**Raw data**
========================================================================

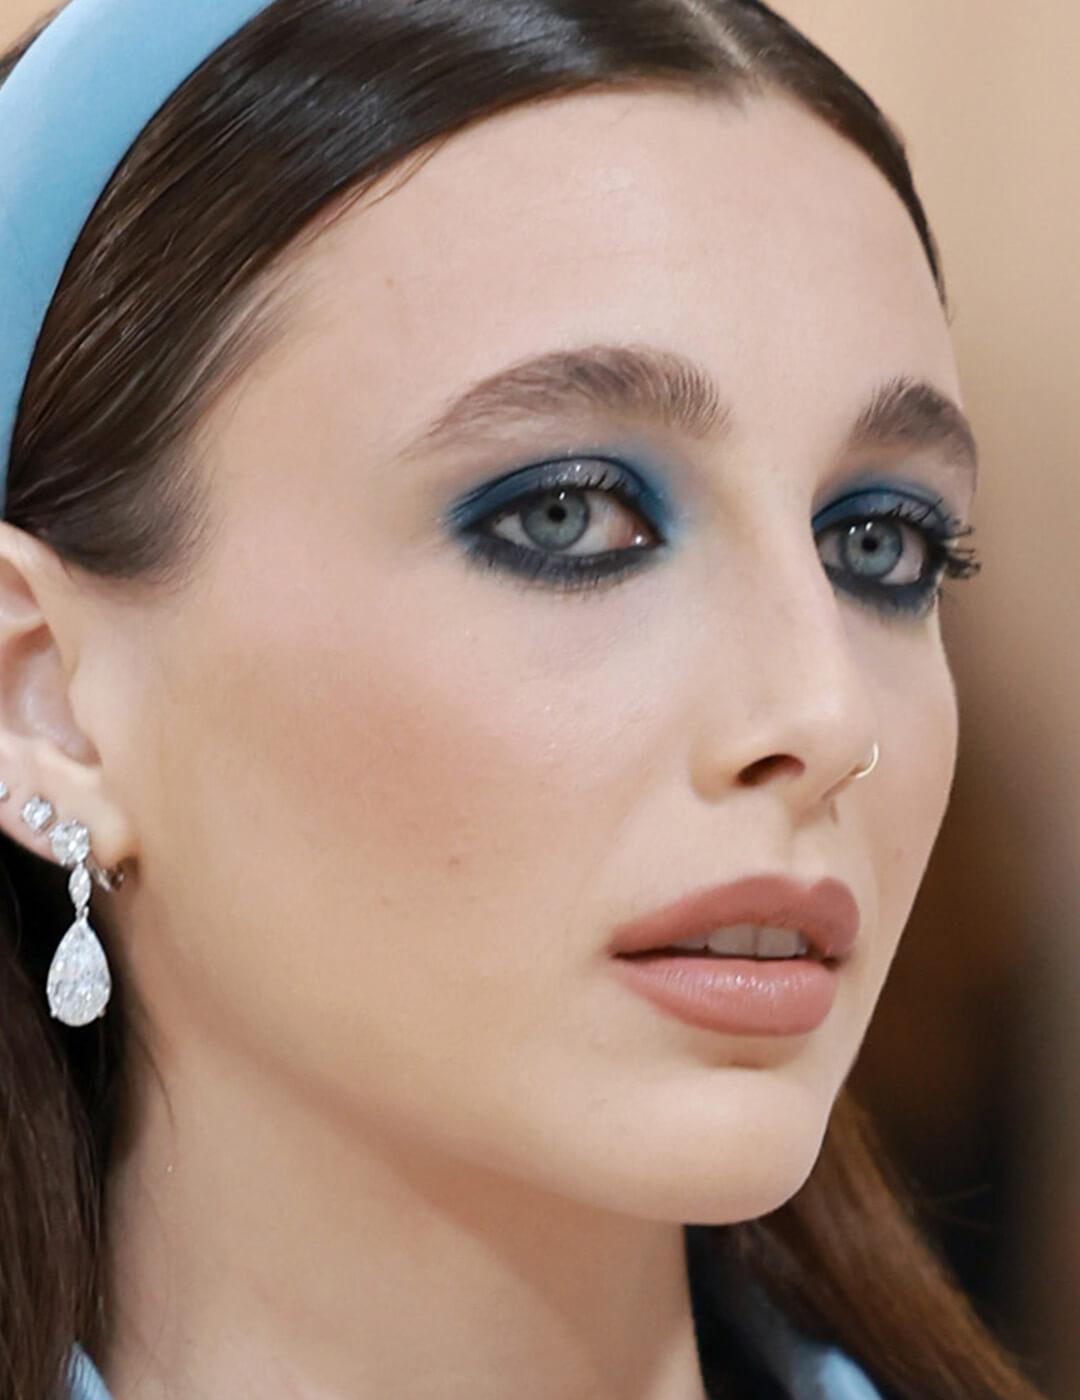 Emma Chamberlain rocking a dark blue smoky eye makeup look
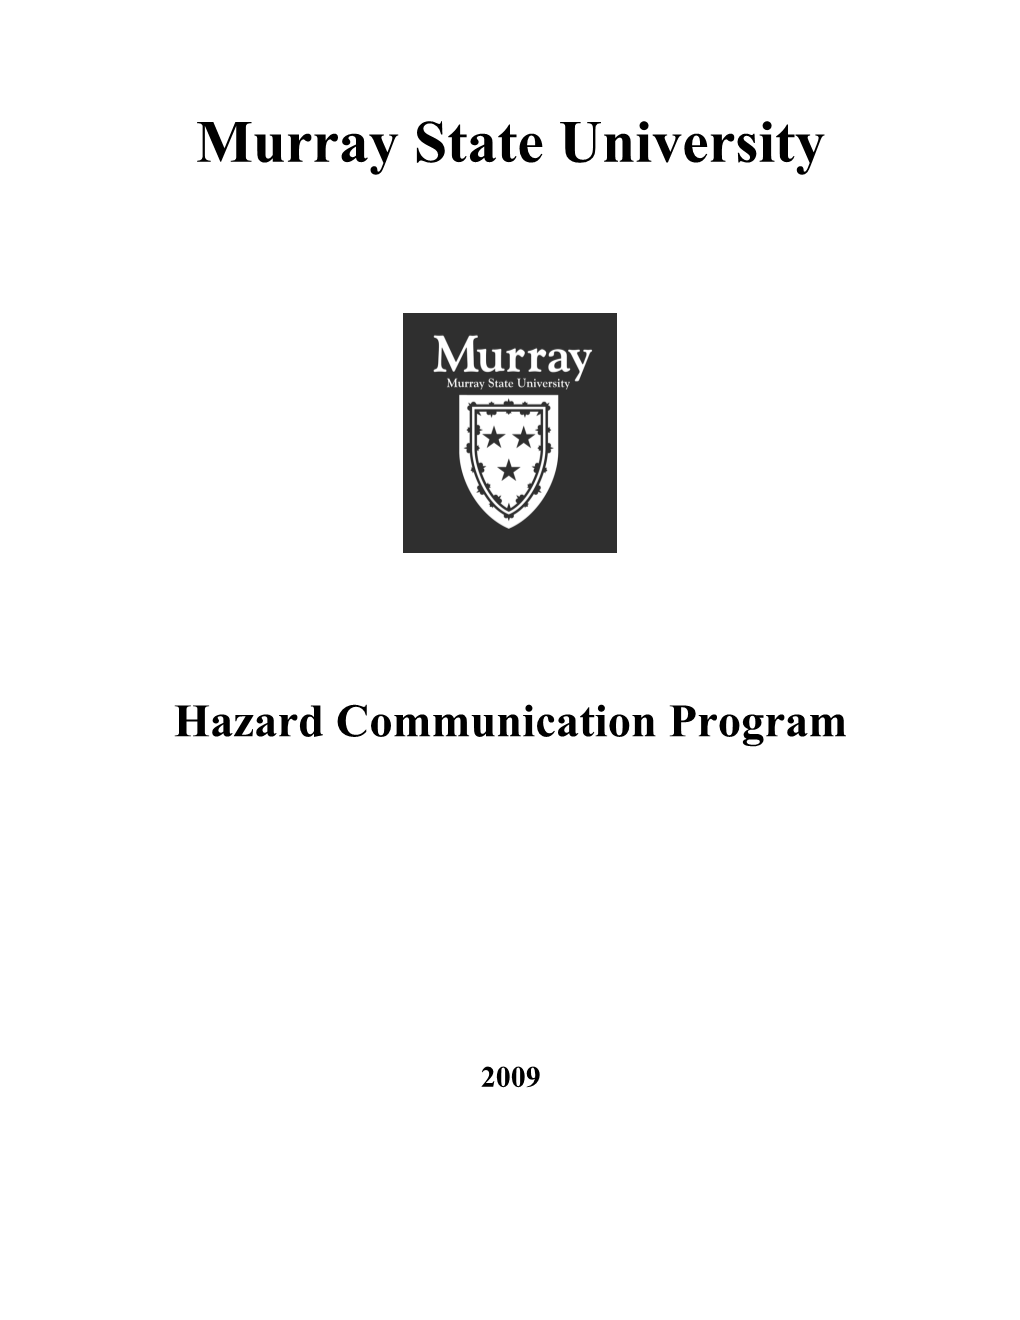 Hazard Communication Program s2
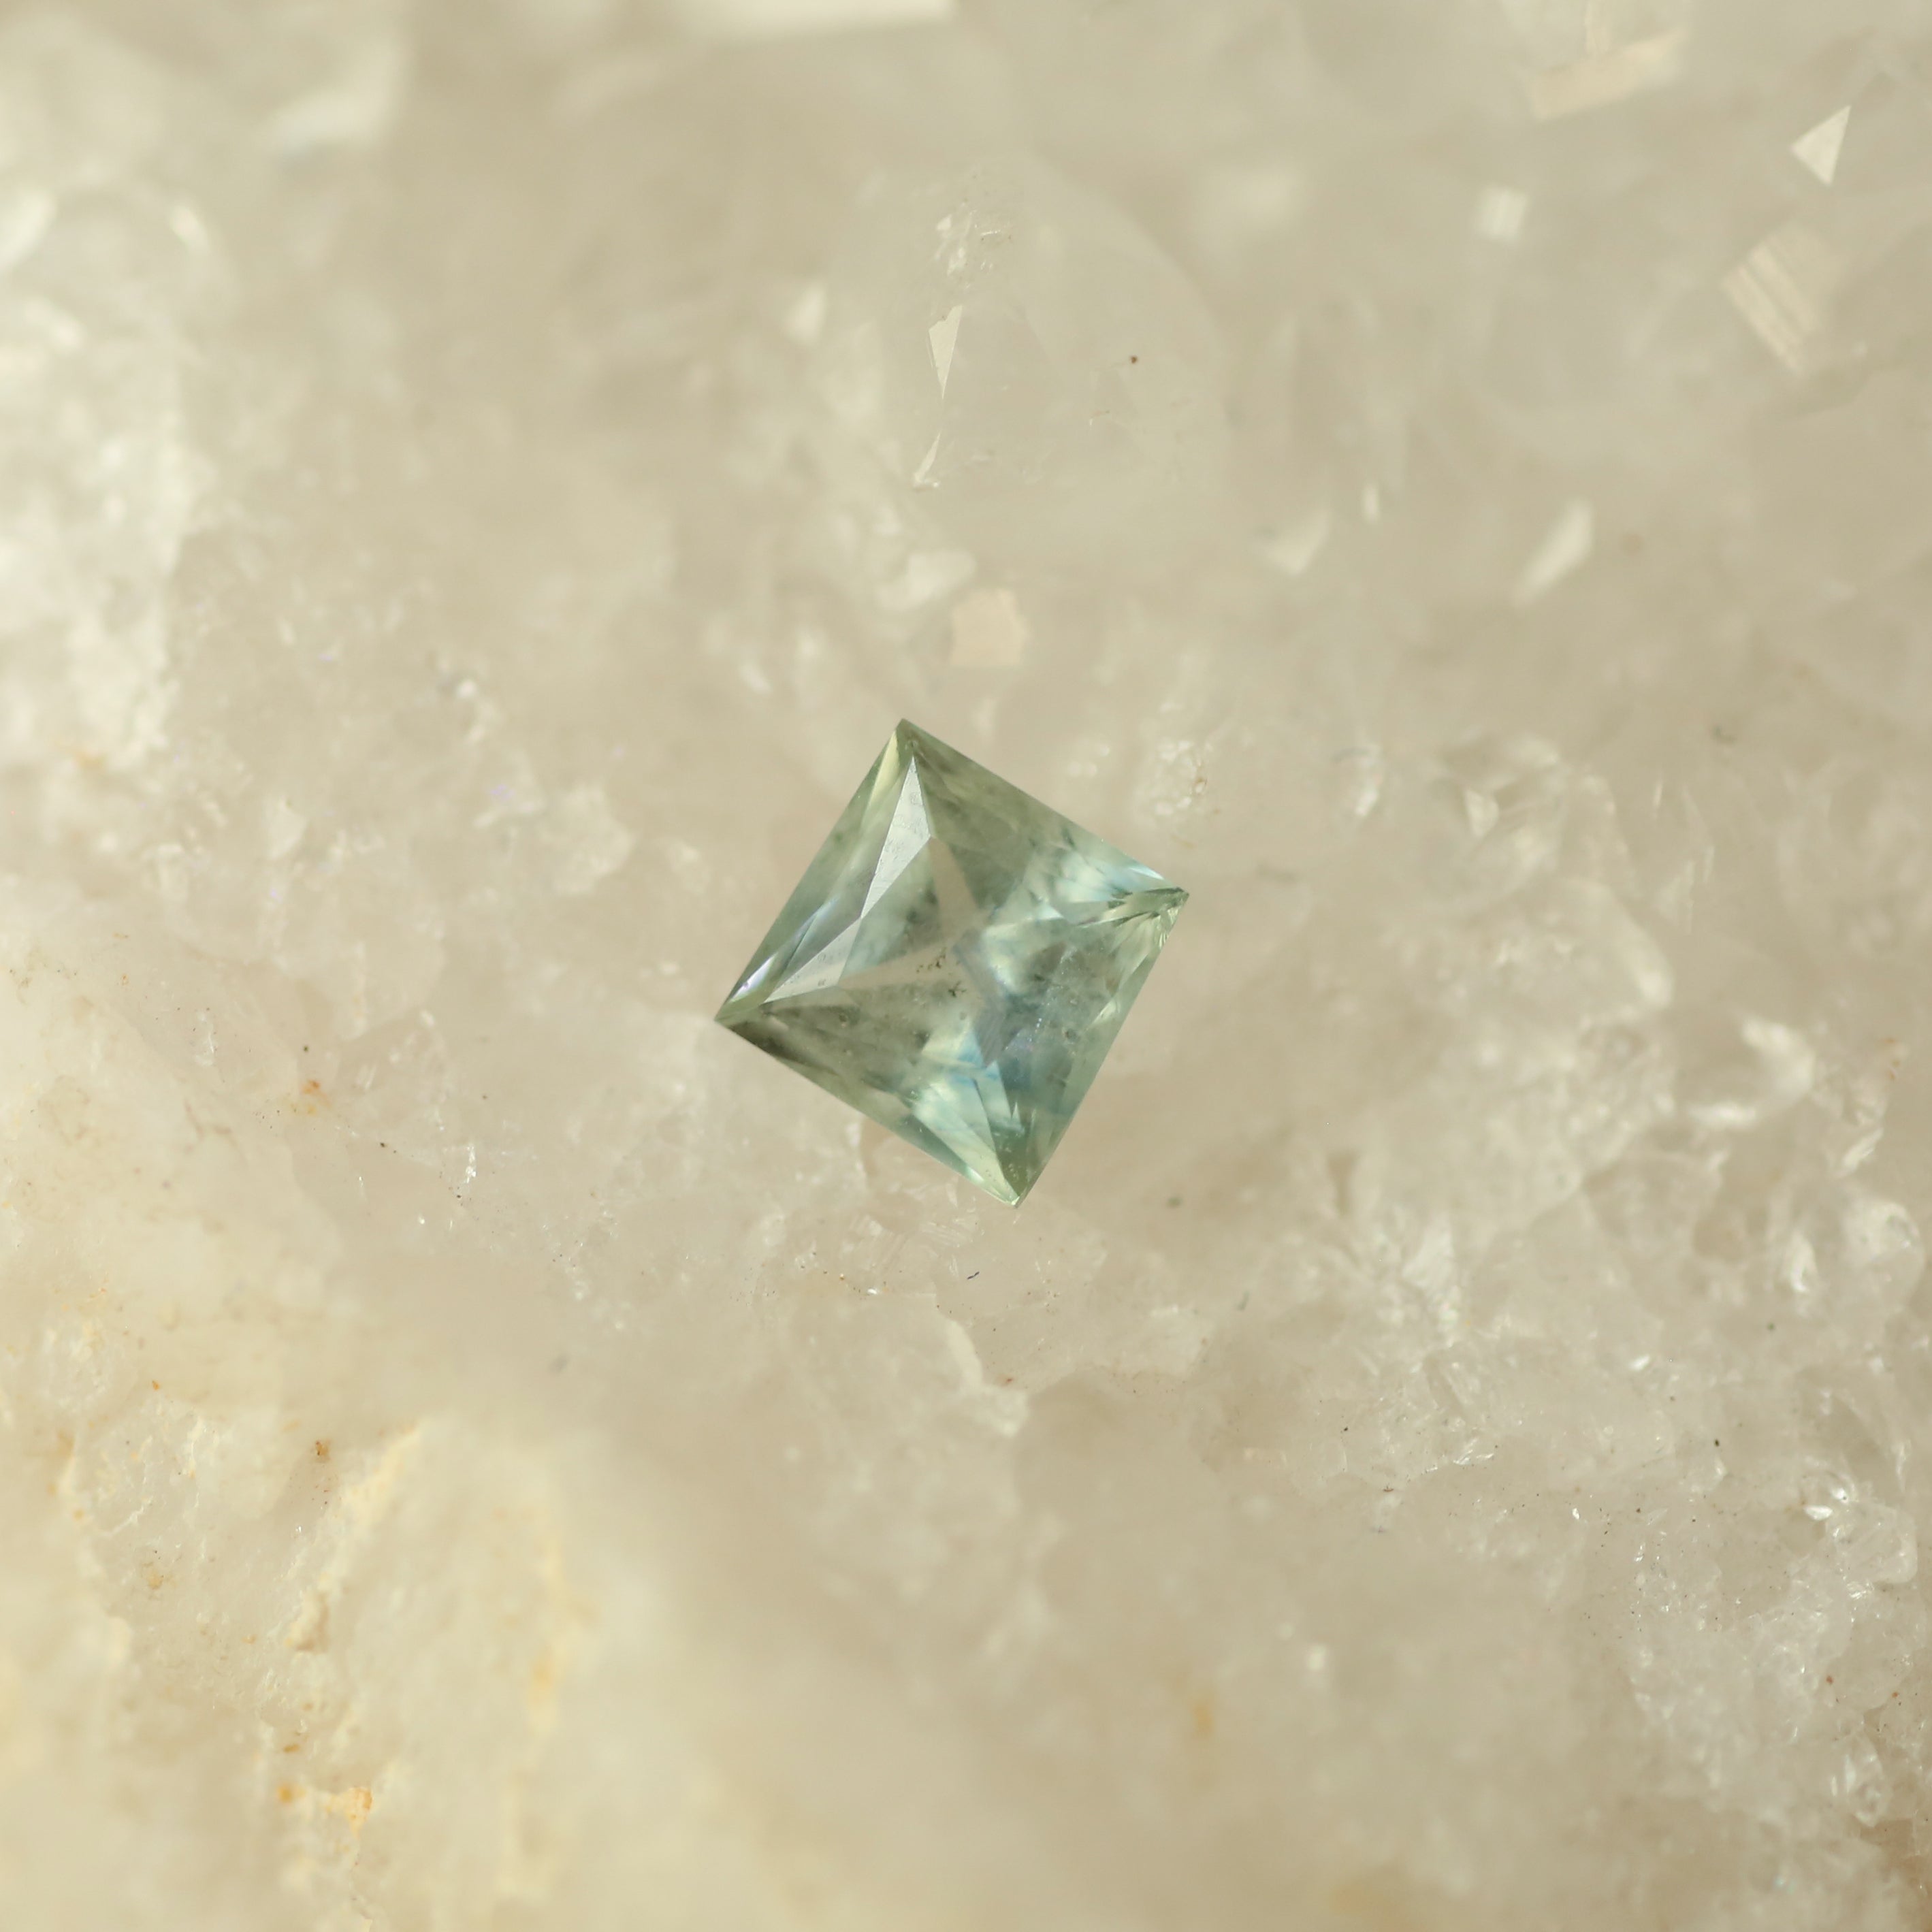 Montana Sapphire .61 CT Mint Green/Teal Princess Cut
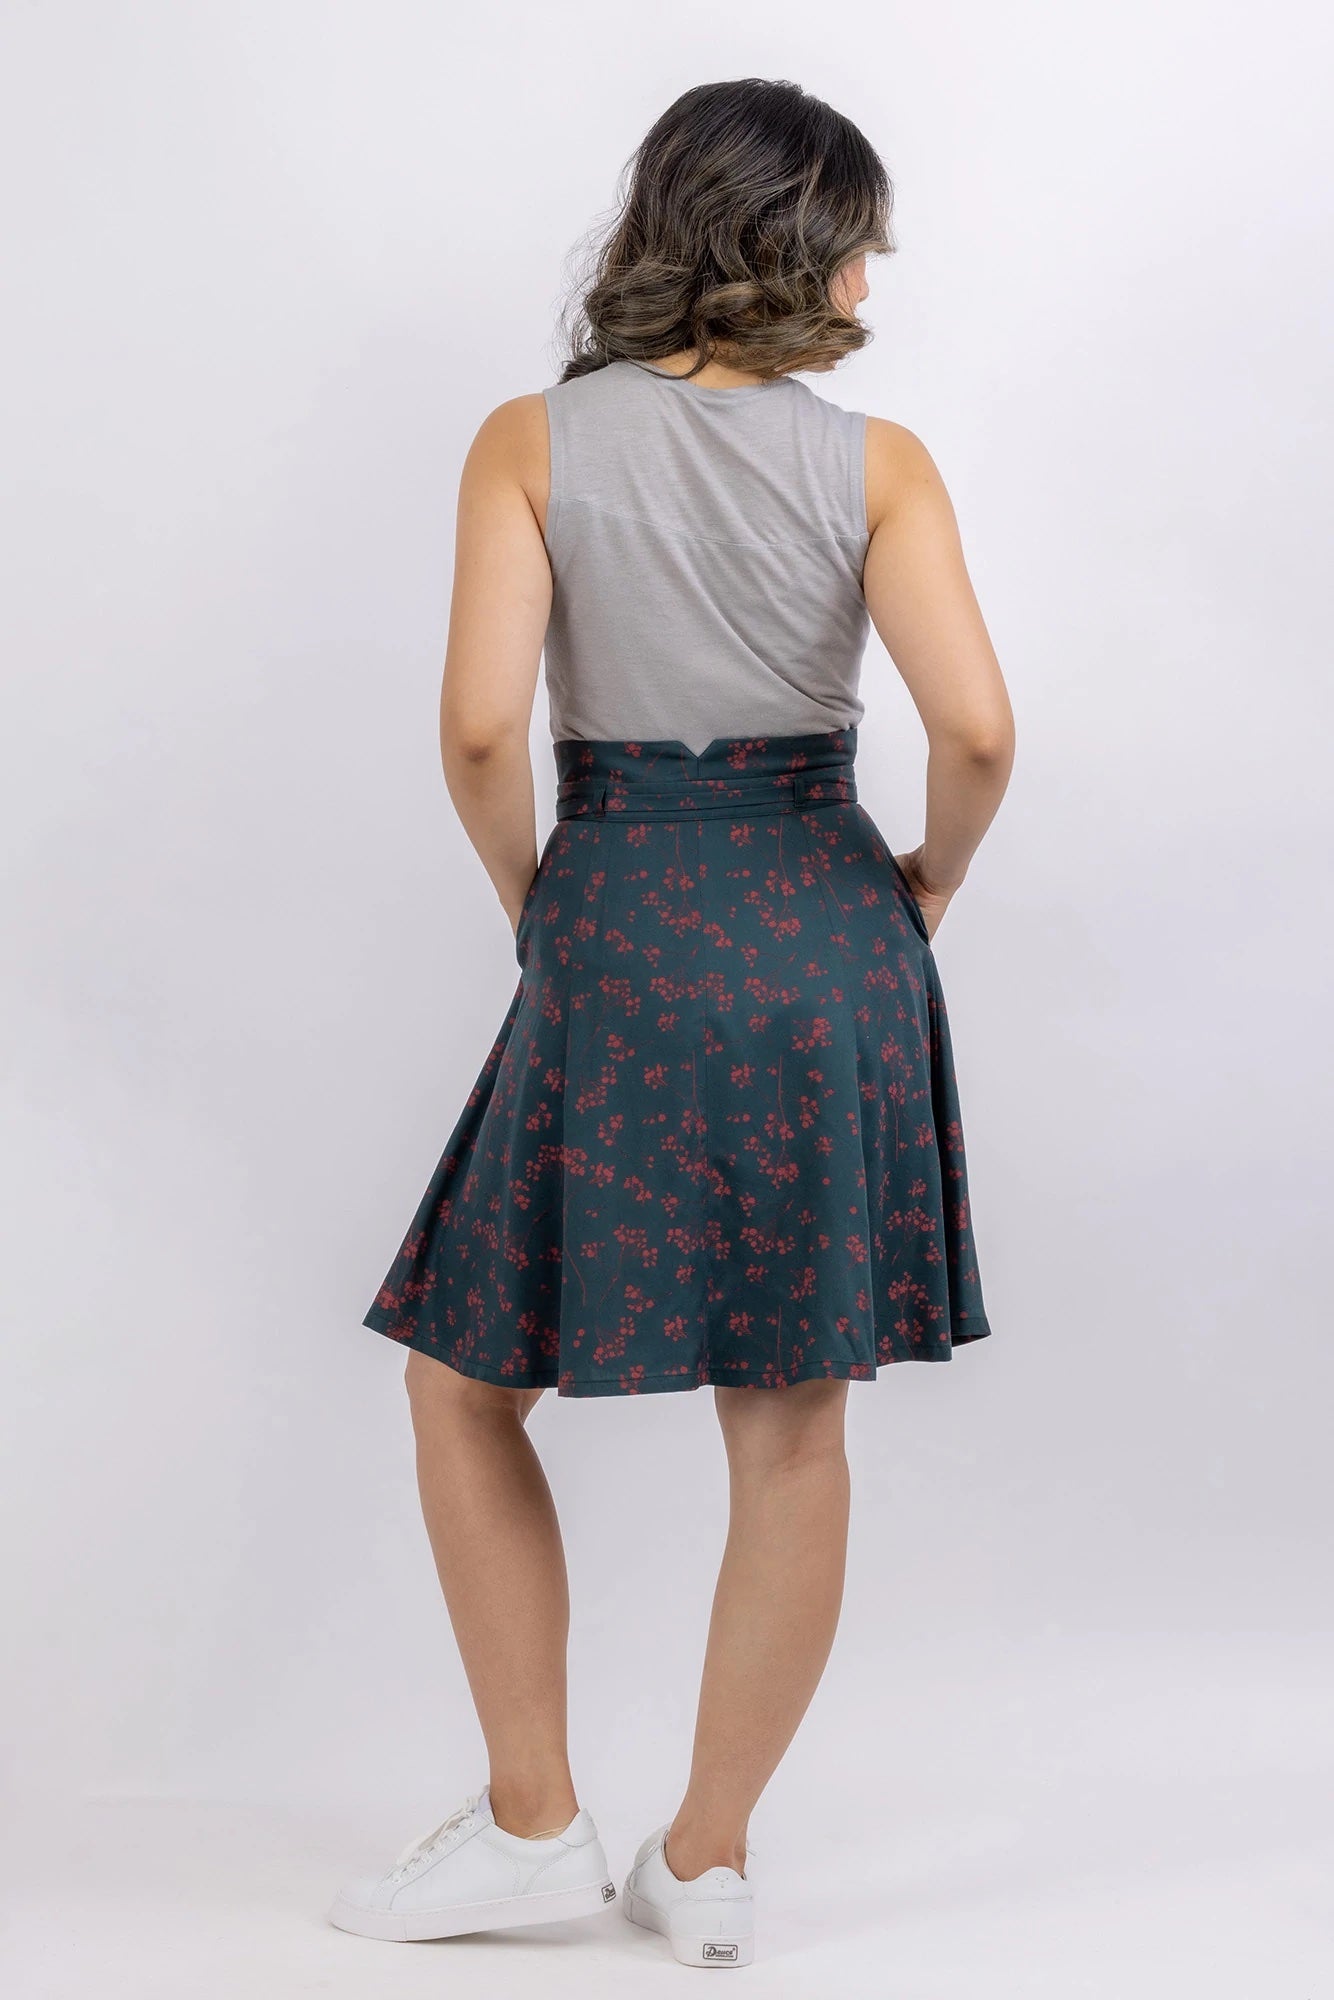 Forget-me-not Patterns Natalie Skirt

========================================================================

**Problem details**
Pictures stay out; print everything else in the data exactly.

**Solution to this problem**
 Emma Chamberlain rocking a dark blue smoky eye makeup look
 Hazard Communication Program s2
 Montana Sapphire .61 CT Mint Green/Teal Princess Cut
 Forget-me-not Patterns Natalie Skirt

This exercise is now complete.